> DATA BELOW
.....

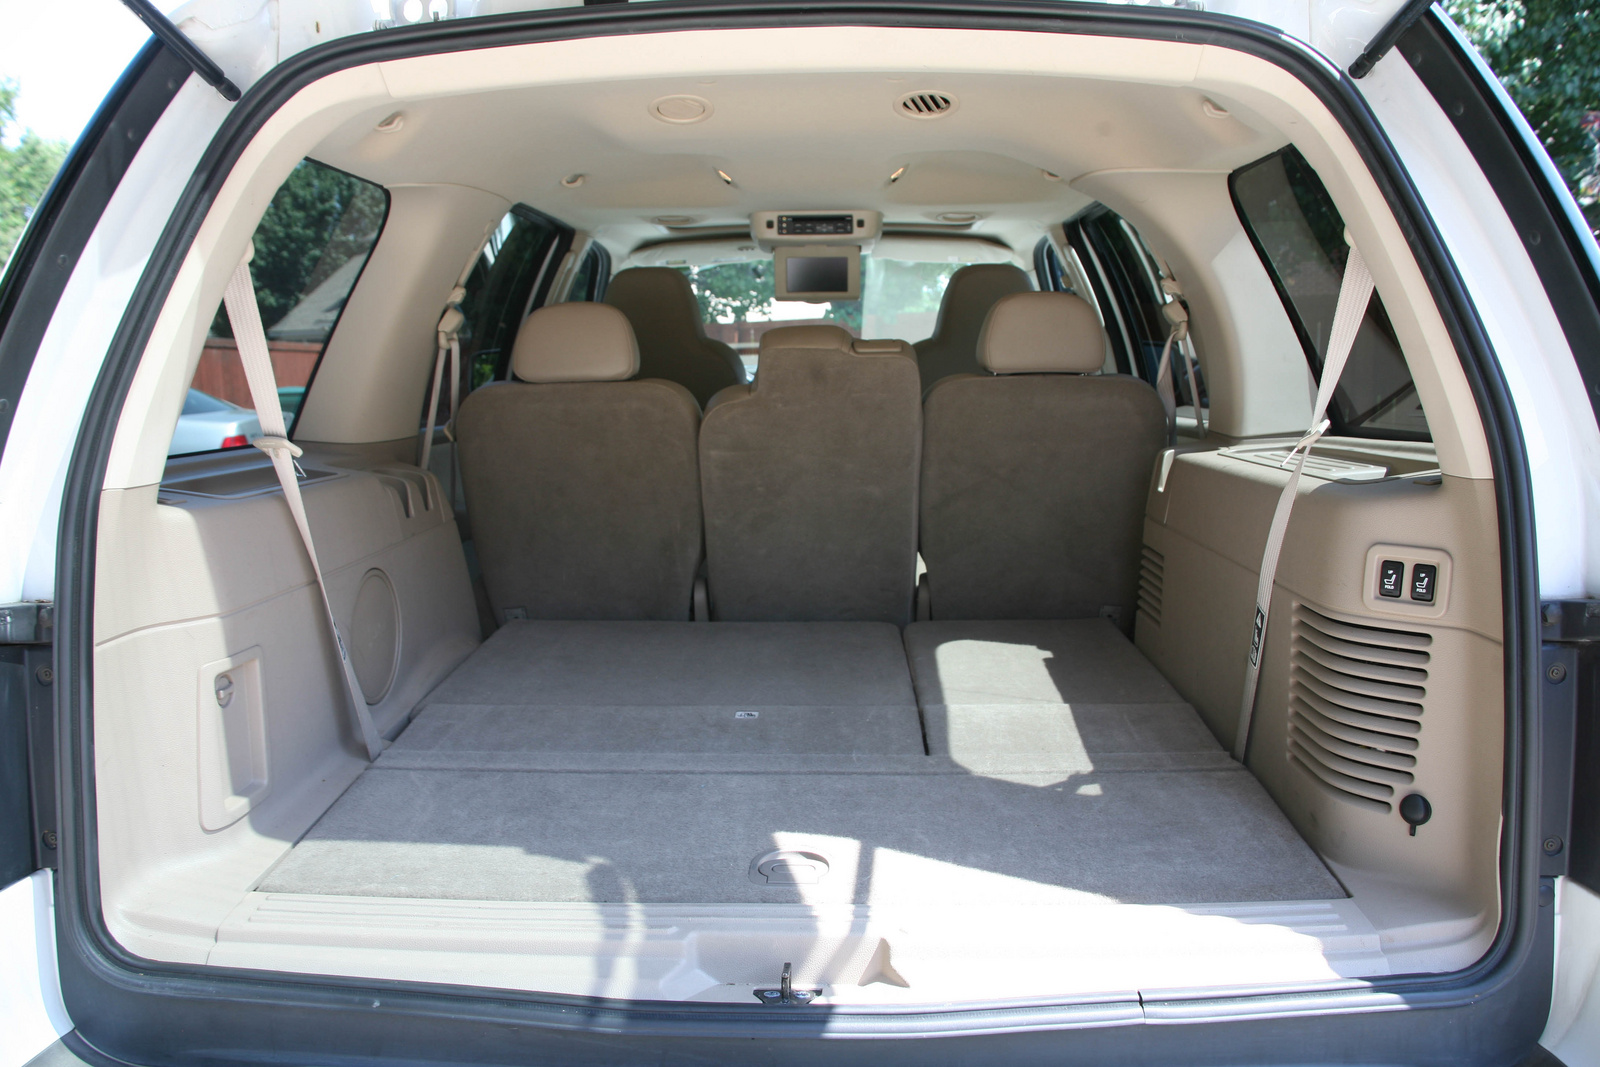 2003 Ford expedition interior dimensions #9
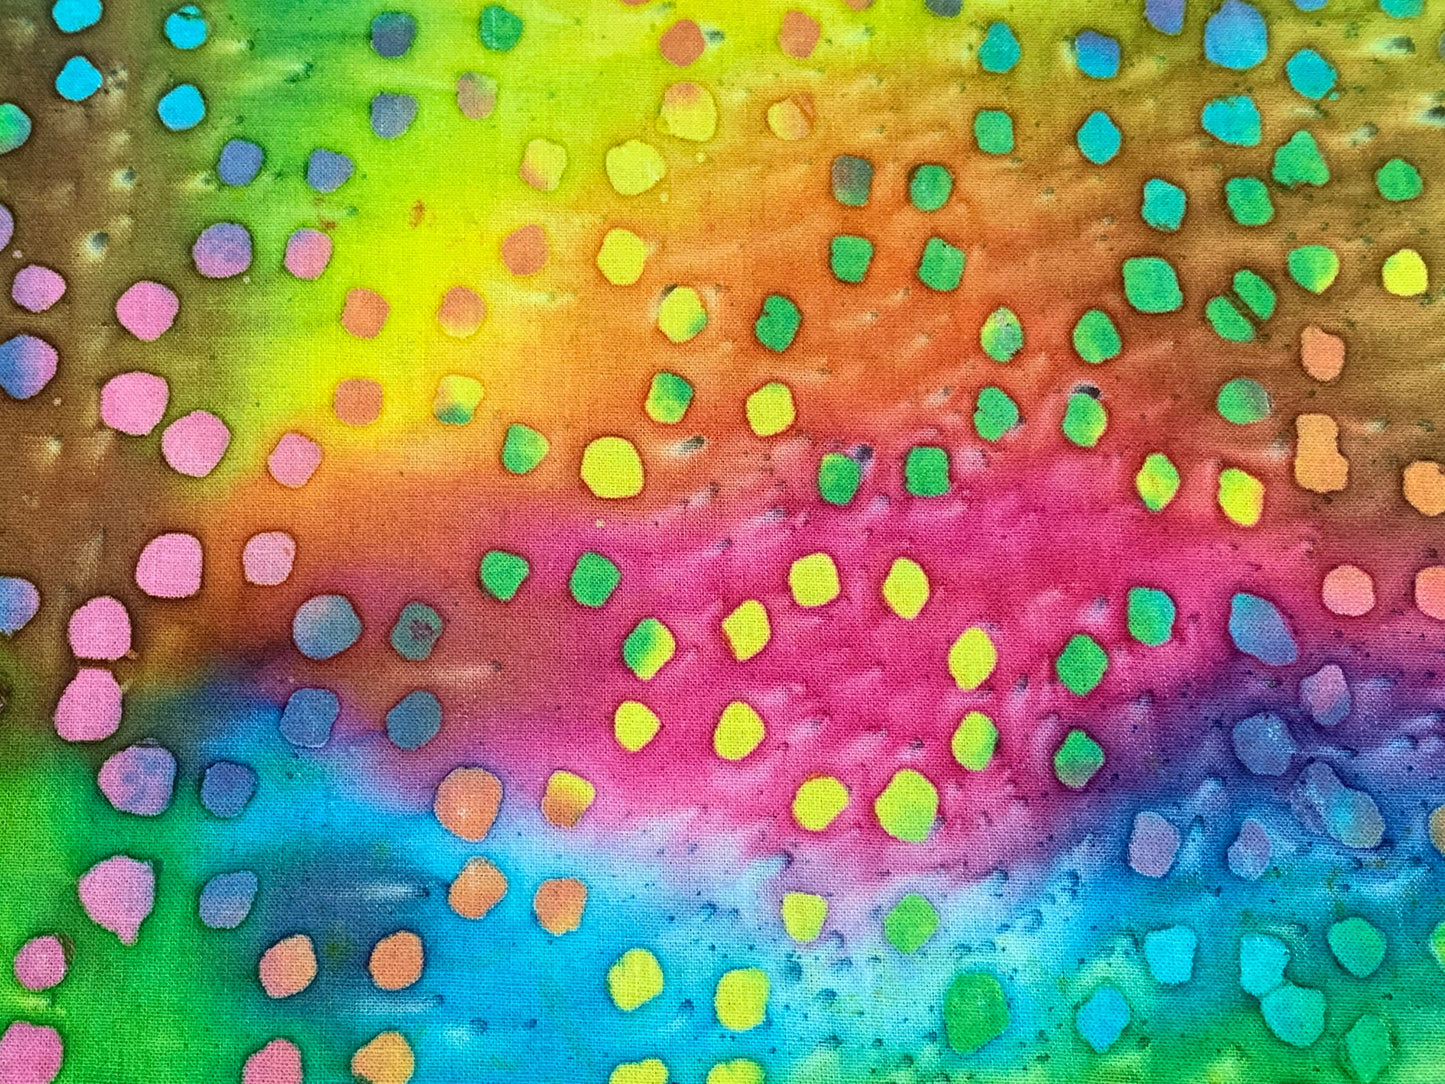 Indian Batik Fabric by the YARD. Hand Dyed Bright Rainbow with Dots Tie Dyed Fabric. 100% Cotton Fabric for Quilting, Apparel, Home Décor
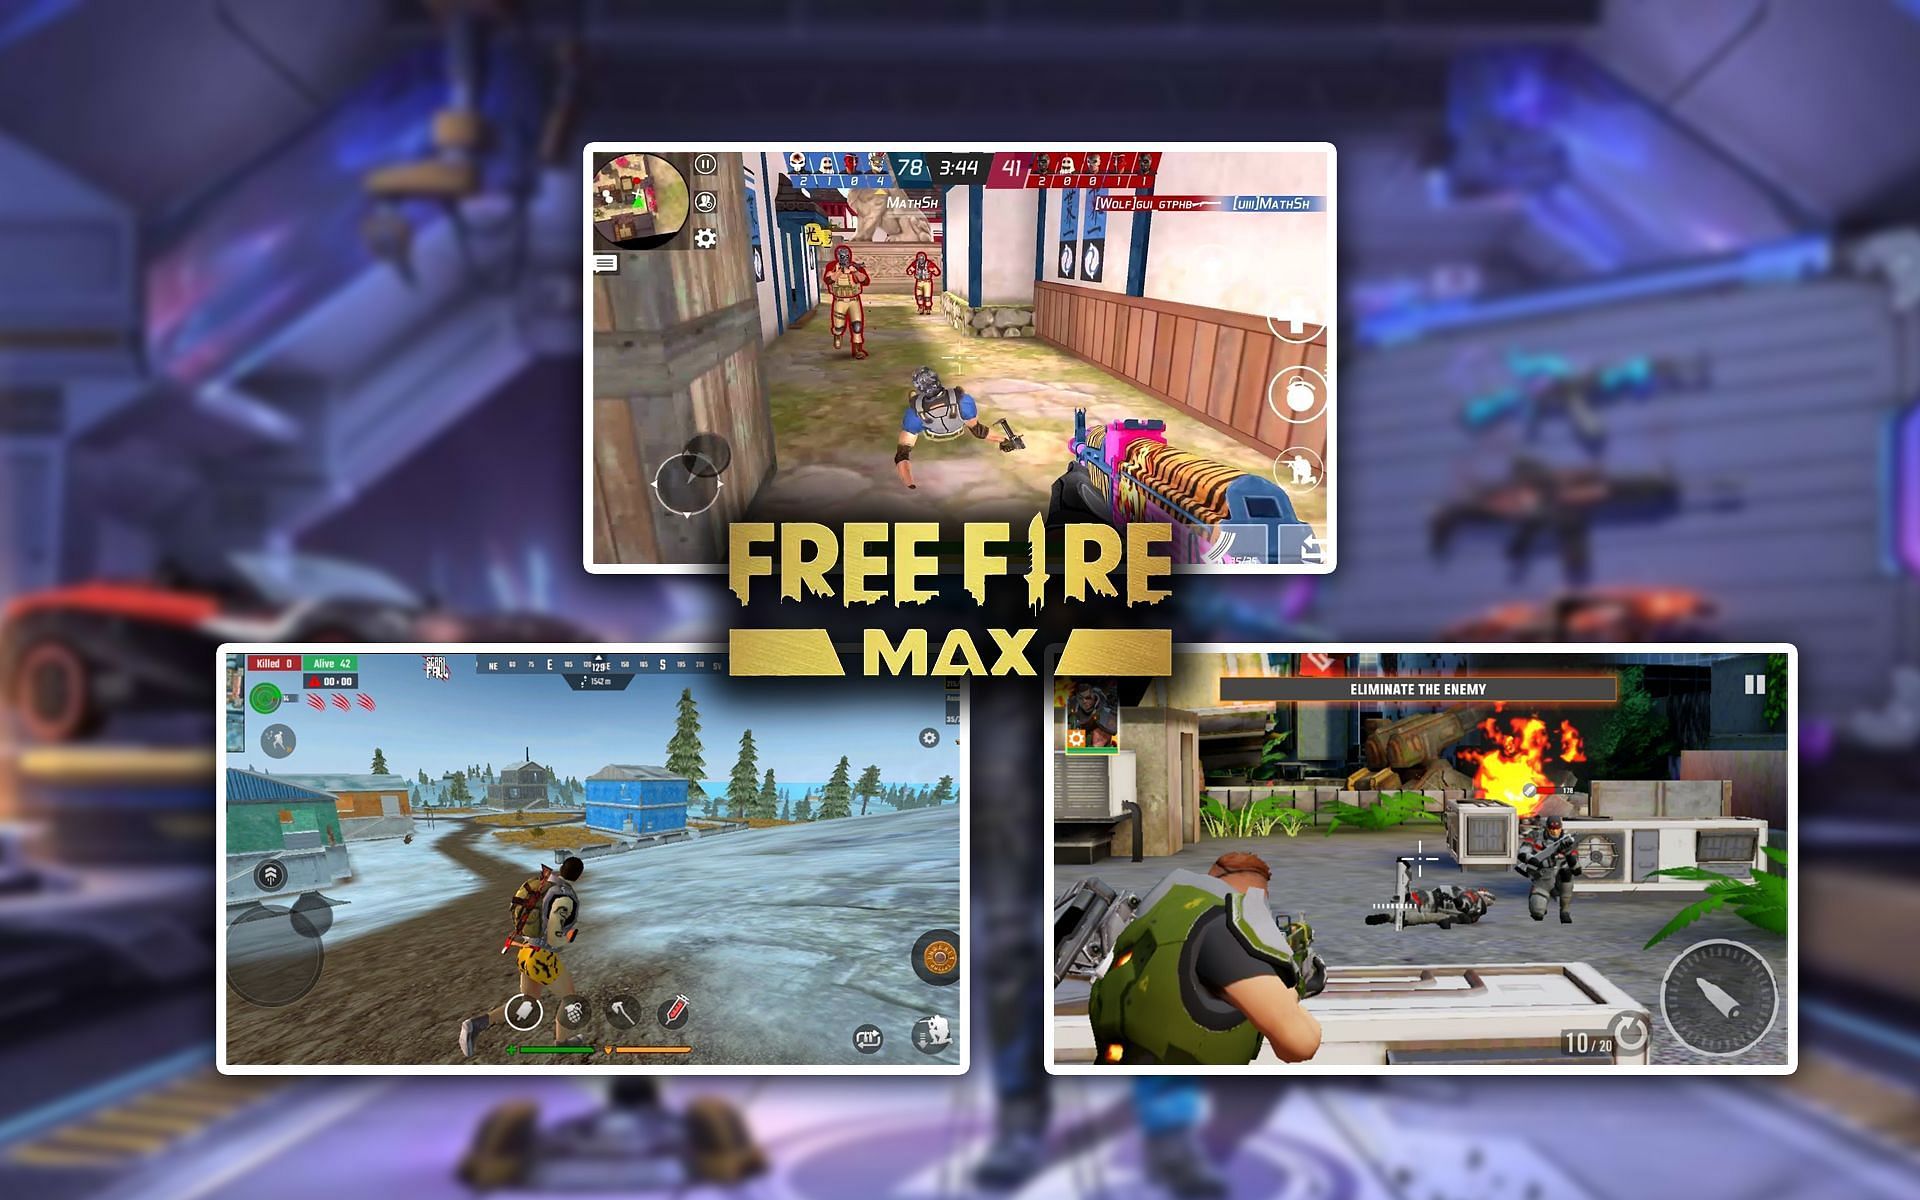 Top five games like Free Fire MAX for 2 GB RAM Android devices (Image via Sportskeeda)

.....

Everything in the listing except the pictures must come back exactly as written.

 2003 Ford expedition interior dimensions #9
 Indian Batik Fabric by the YARD. Hand Dyed Bright Rainbow with Dots Tie Dyed Fabric. 100% Cotton Fabric for Quilting, Apparel, Home Décor
 Top five games like Free Fire MAX for 2 GB RAM Android devices (Image via Sportskeeda)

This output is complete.